Exercise instructions: An exact reproduction of the lines below, from the first through the one with "emplify Referenzprojekt Stuttgart", is the whole answer; pictures have no place in it.

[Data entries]
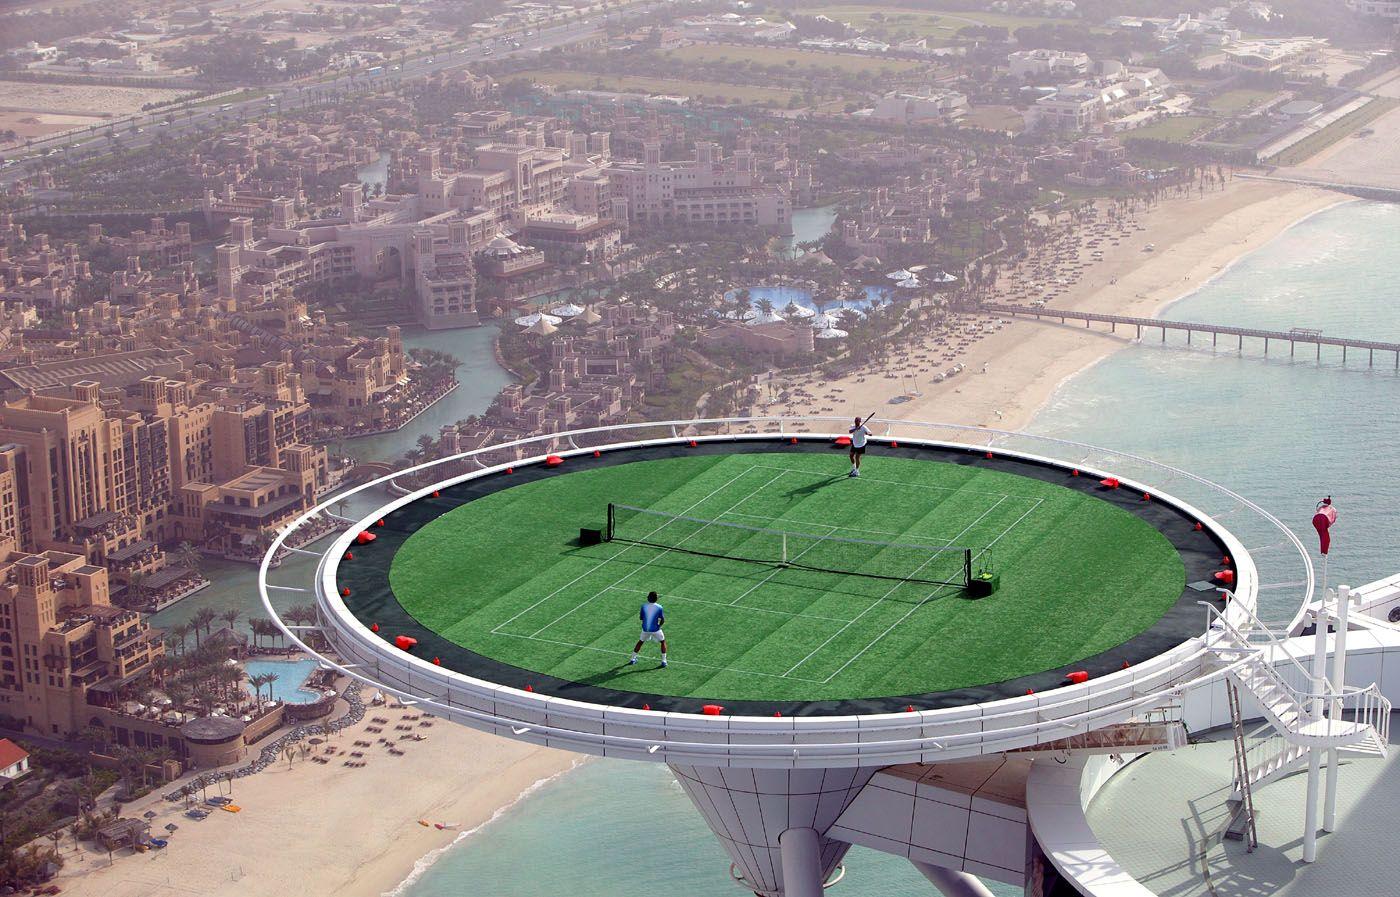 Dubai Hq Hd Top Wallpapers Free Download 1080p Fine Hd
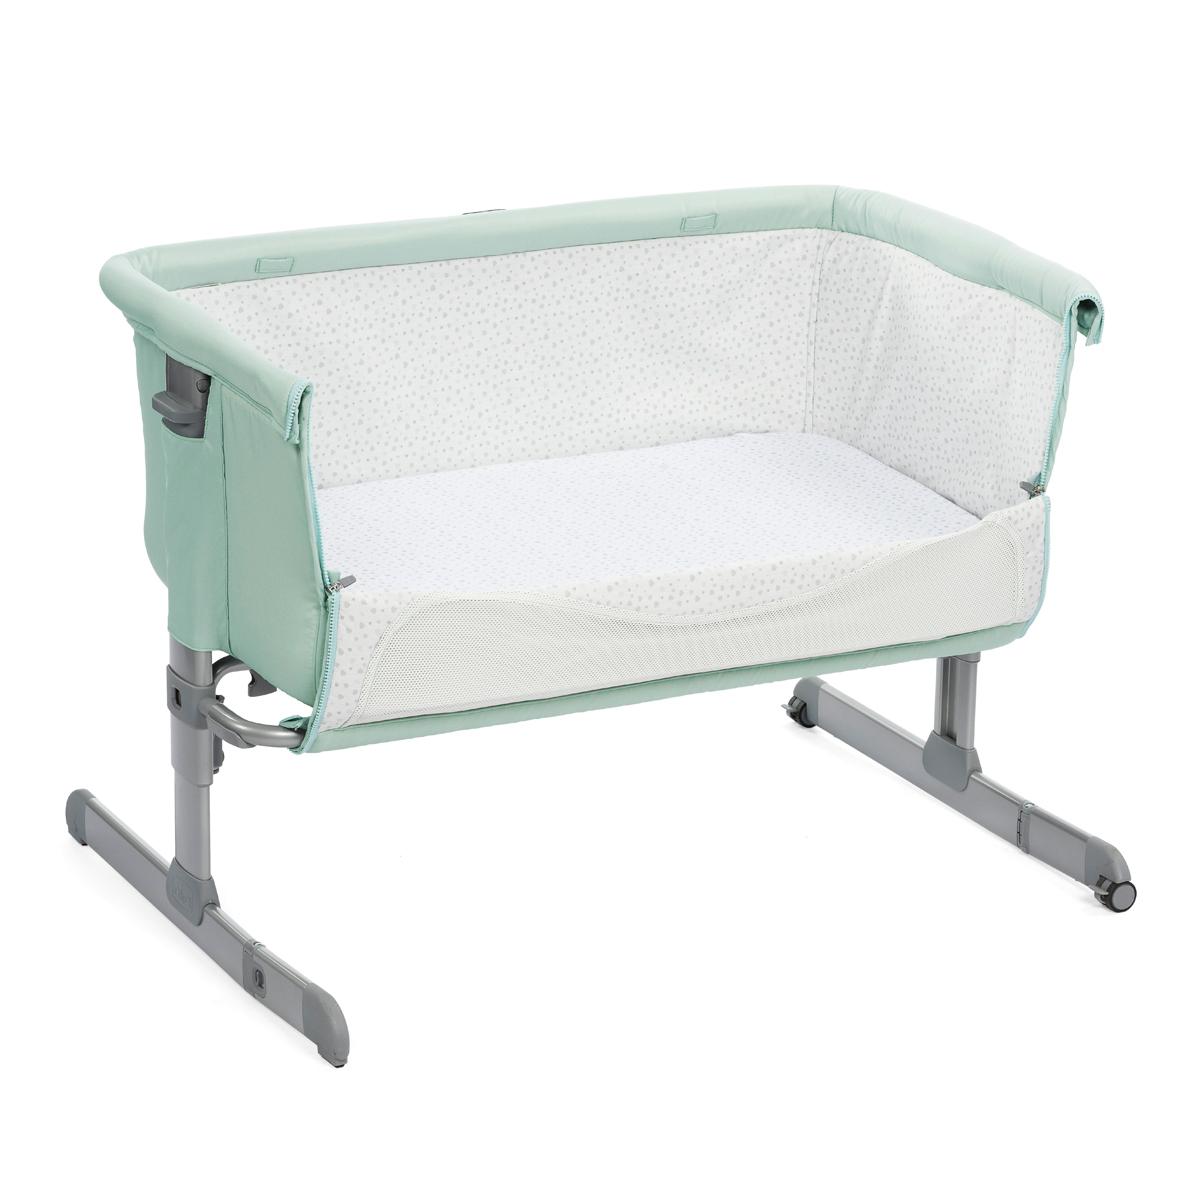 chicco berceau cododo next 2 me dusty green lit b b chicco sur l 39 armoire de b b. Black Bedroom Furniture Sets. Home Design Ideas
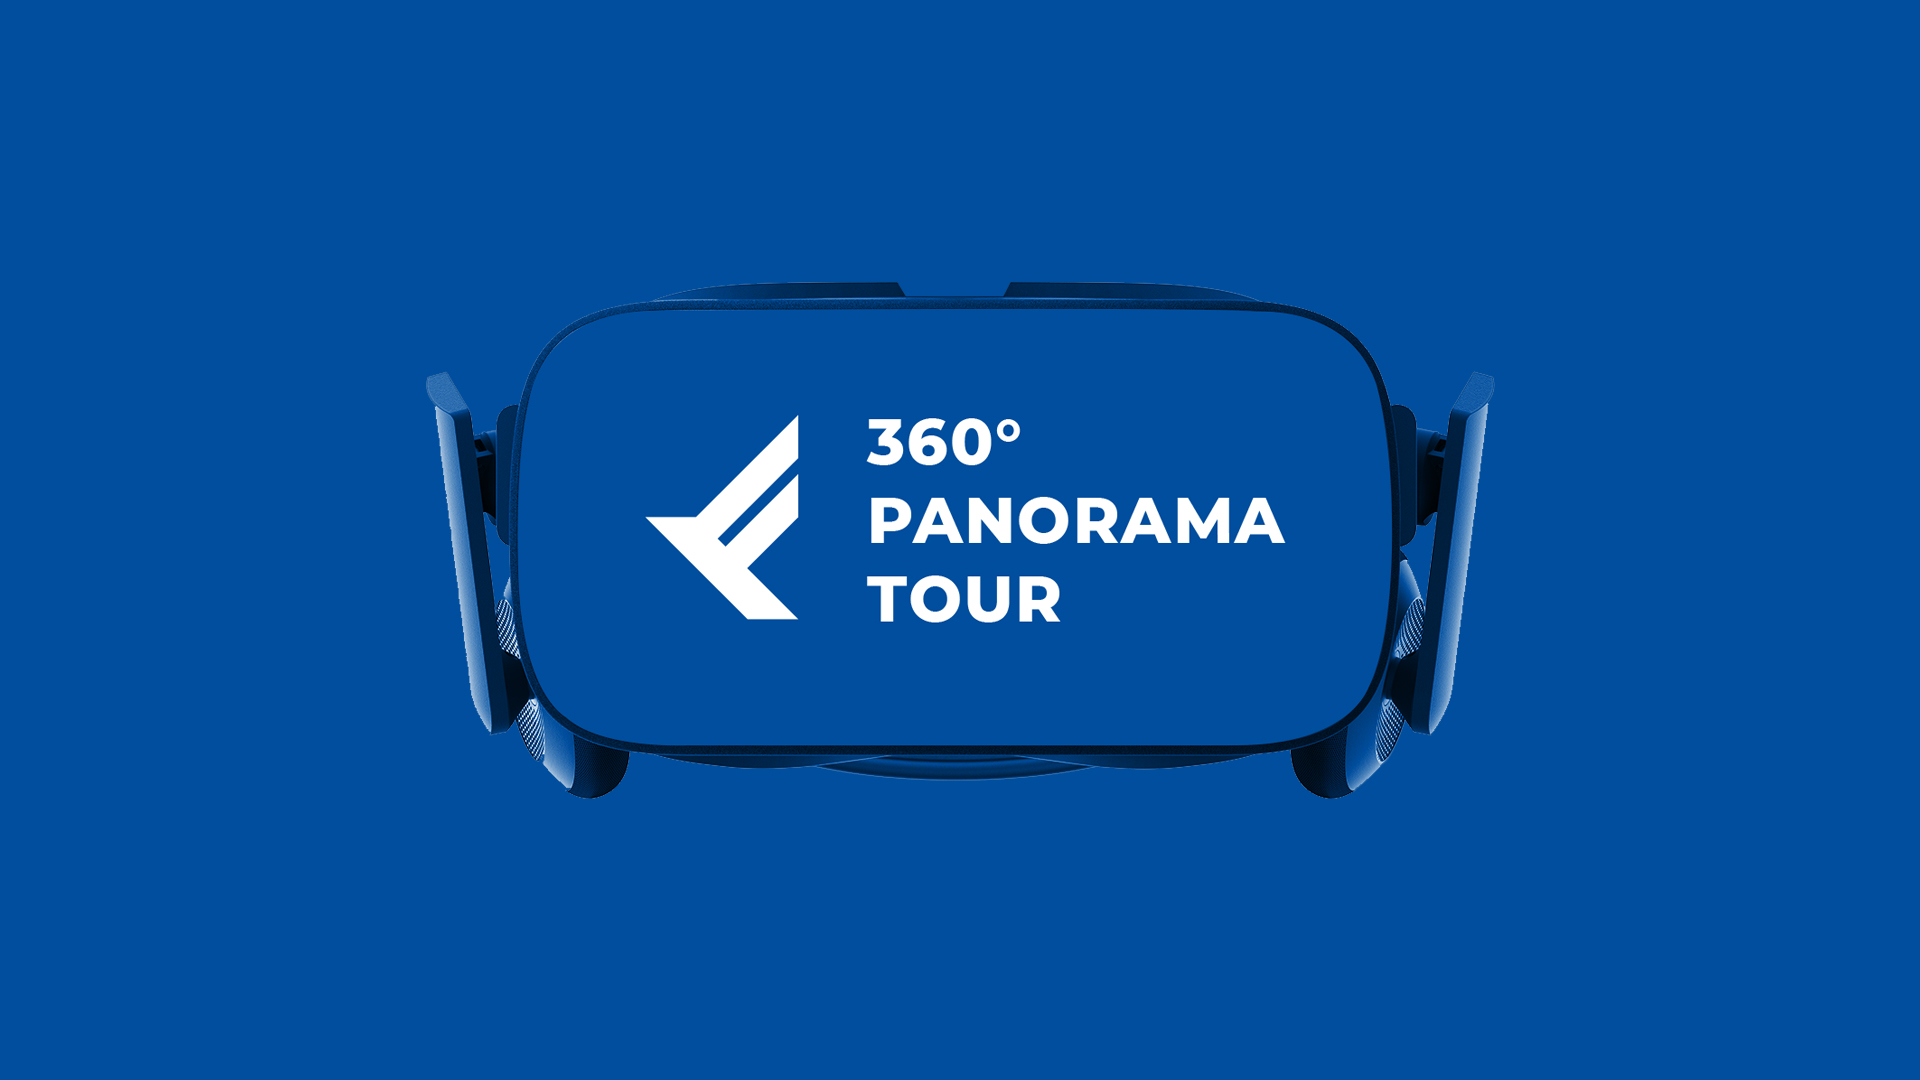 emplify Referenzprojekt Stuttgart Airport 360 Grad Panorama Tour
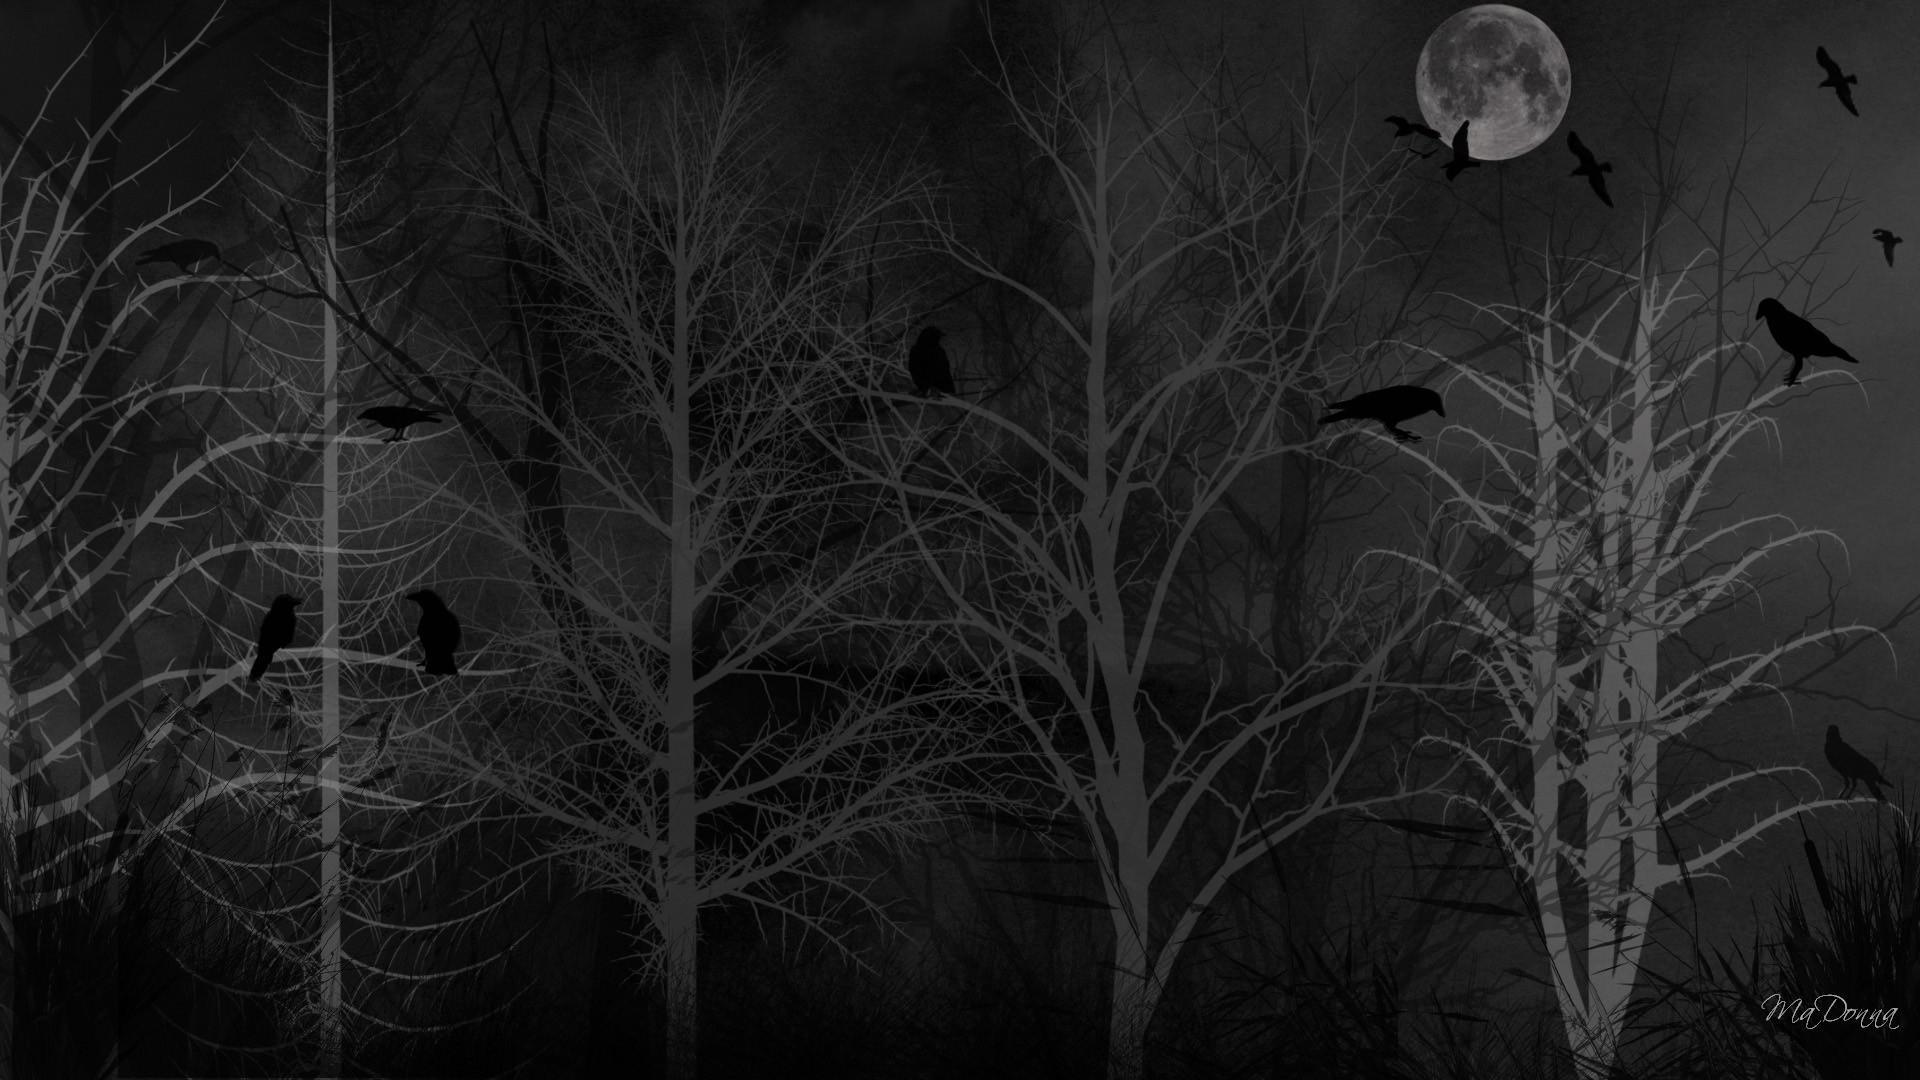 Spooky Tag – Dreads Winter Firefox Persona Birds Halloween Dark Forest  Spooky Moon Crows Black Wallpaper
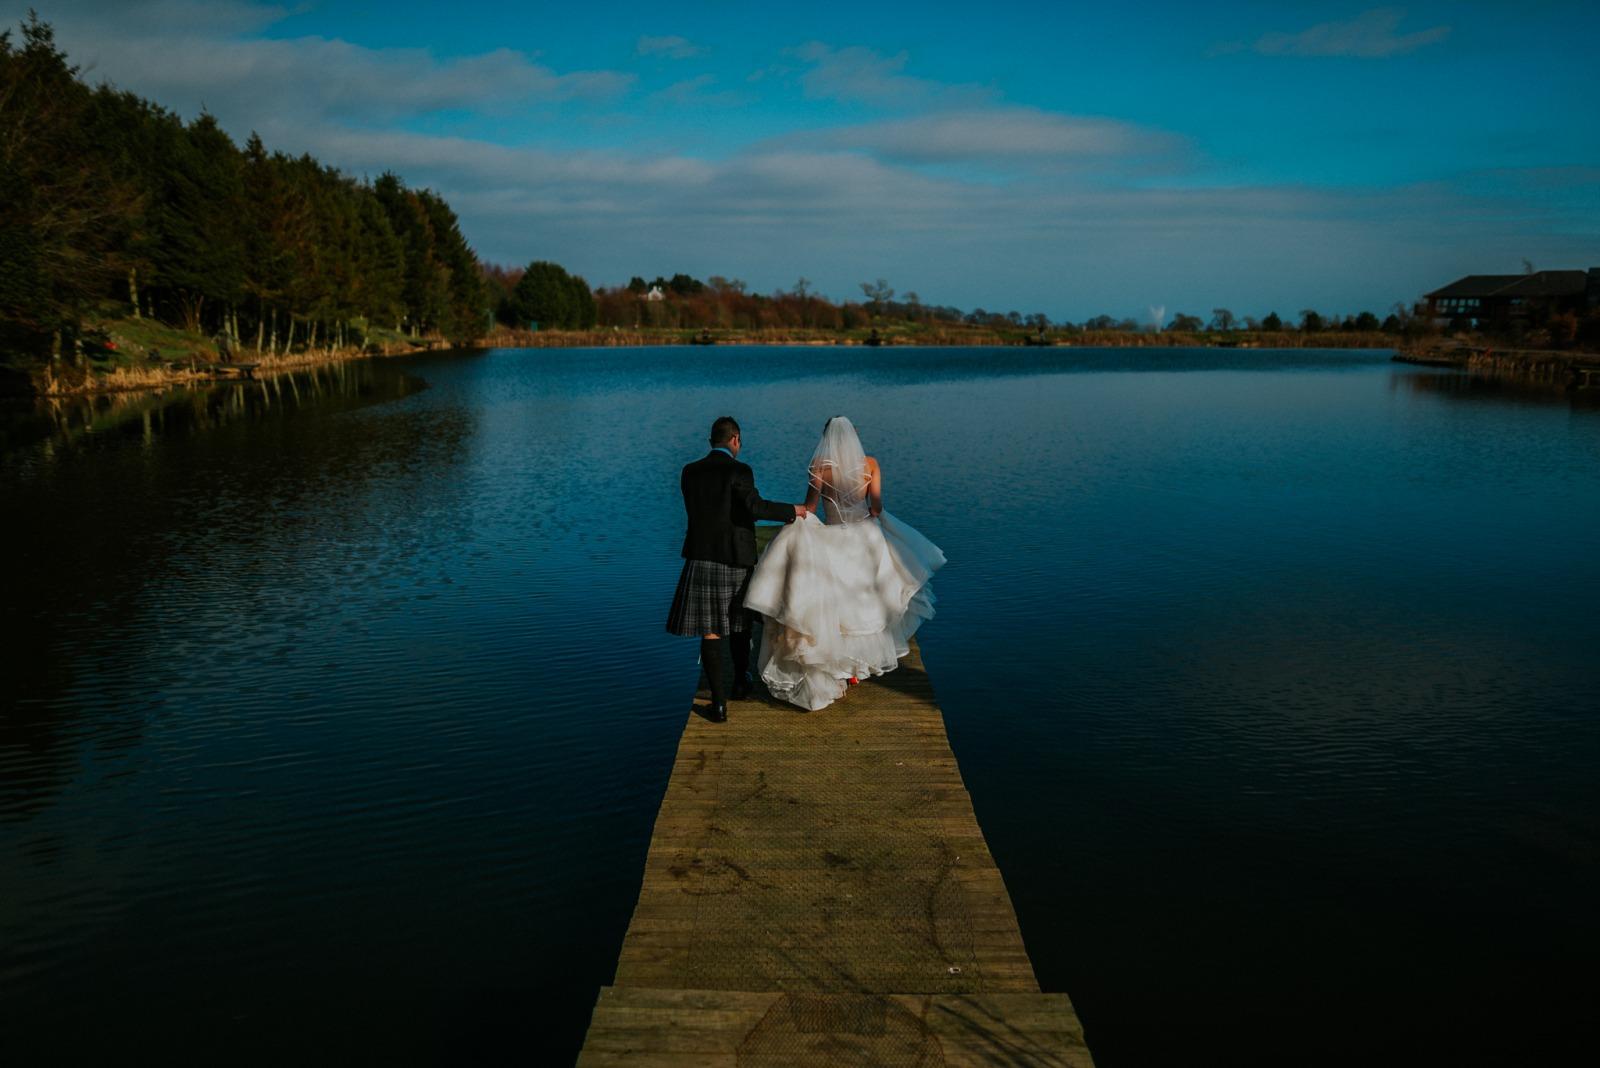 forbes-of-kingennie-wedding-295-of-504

Response for this exercise:
 Dubai Hq Hd Top Wallpapers Free Download 1080p Fine Hd
 chicco berceau cododo next 2 me dusty green lit b b chicco sur l 39 armoire de b b. Black Bedroom Furniture Sets. Home Design Ideas
 emplify Referenzprojekt Stuttgart Airport 360 Grad Panorama Tour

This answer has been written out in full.